Geometry – Spatial Angles in Higher Dimensions

geometry

Wikipedia gives an excellent treatise about solid angles in 1-2-3-Dimensions.
But how about n-D? I read once some notes from a seminar held
during WWII in Switzerland, and one result concerned spatial angles
in even dimensions (I have forgotten the reference), but I would like
to have a similar general definition, likely computationally nice.

So my question is: "What is a general expression for spatial angles in $\mathbb{R}^d$, given that origo-based vectors $x_1..x_{d+1}$ are known". It can be recursive of course.
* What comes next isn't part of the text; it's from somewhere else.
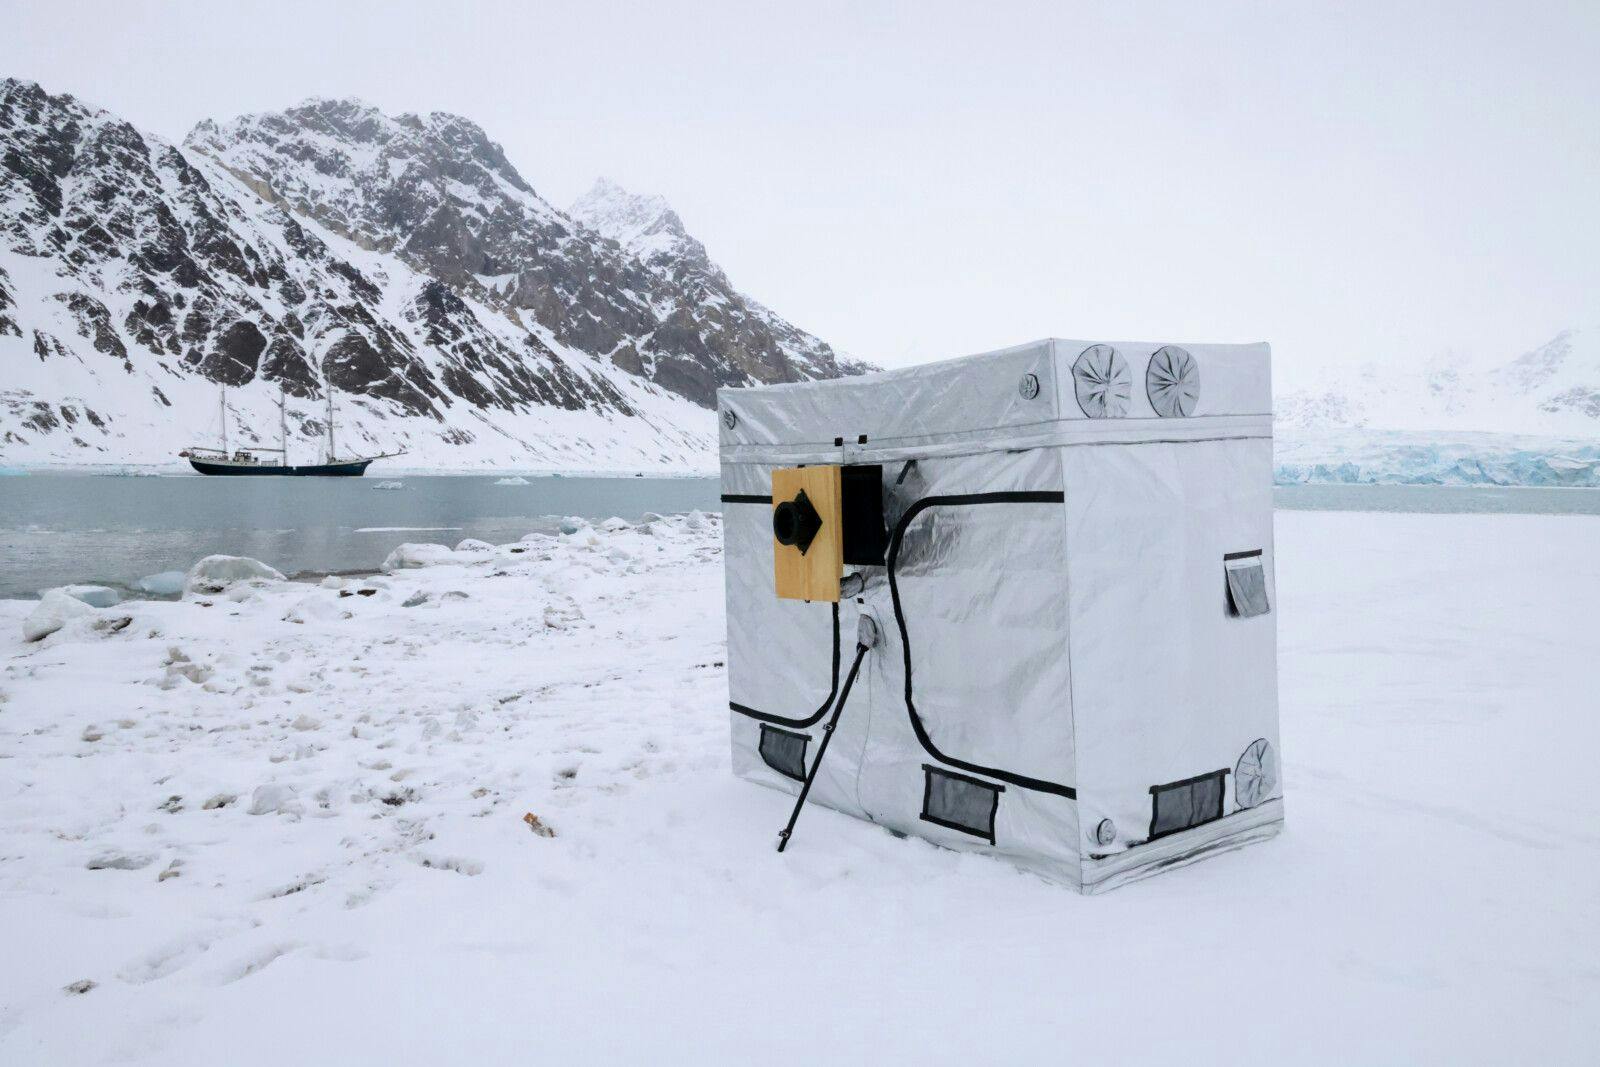 Tristan Duke, Glacial Camera fitted with Ice lens, 2022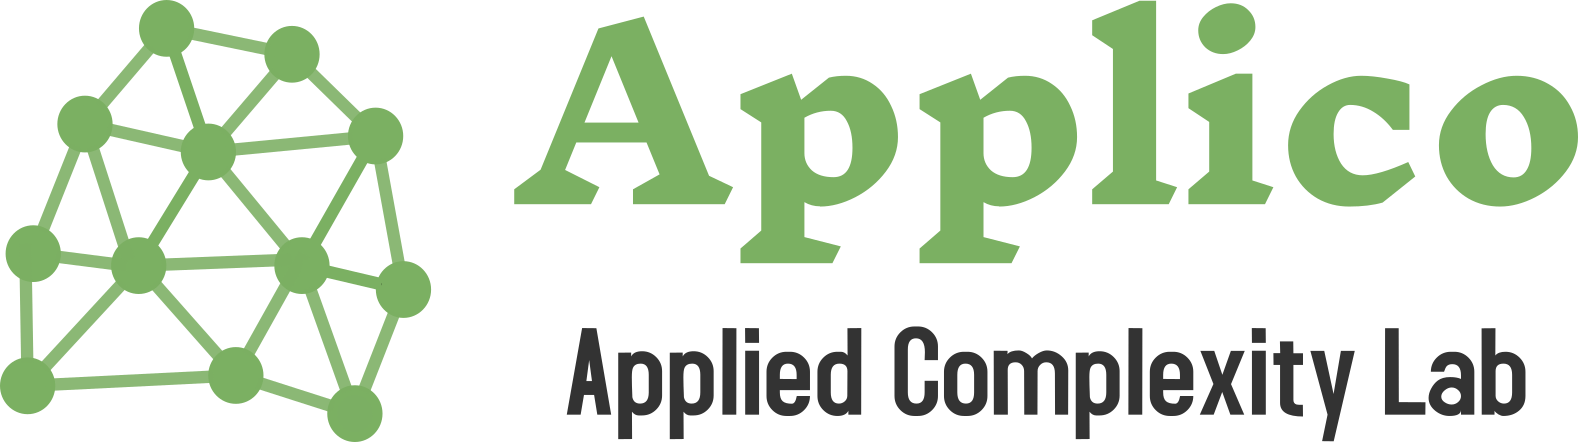 Applied complexity Lab

And yes, I have an application on mind.

here is my reference:
http://en.wikipedia.org/wiki/Solid_angle

Thank you for any help 🙂

Best Answer

Let me cite a theorem by Ribando (Measuring Solid Angles Beyond Dimension Three, Discrete Comput Geom 36:479–487 (2006)), which is a rediscovery of a result of Aomoto (Analytic structure of Schlafli function, Nagoya Math. J. 68:1-16 (1977)) as described in the paper by Beck, Robins and Sam (Positivity Theorems for Solid-Angle Polynomials, Beitrage zur Algebra und Geometrie, Vol. 51, No. 2, 493-507 (2010)). I cite Ribando's result as its statement more to my taste:

Let $\Omega \subseteq \Bbb{R}^n$ be a solid-angle spanned by unit vectors $\lbrace v_1 , \dots , v_n \rbrace$, let $V$ be the matrix whose ith column is $v_i$ , and let $\alpha _{ij} = v_i \cdot v_j$ as above. Let $T_{\alpha}$ be the following infinite multivariable Taylor series: $$T_{\alpha} = \dfrac{det \ V}{(4 \pi )^{n/2}} \sum _{a \in \Bbb{N}^{{n \choose 2}}} \left[ \dfrac{(-2)^{\sum _{i < j} a_{ij}}}{ \Pi _{i<j} a_{ij}!} \Pi _{i} \Gamma \left( \dfrac{1 + \sum _{m \neq i} a_{im}}{2} \right) \right] \alpha^{a}$$ The series $T_{\alpha}$ agrees with the normalized measure of solid-angle $\Omega$ whenever $T_{\alpha}$ converges.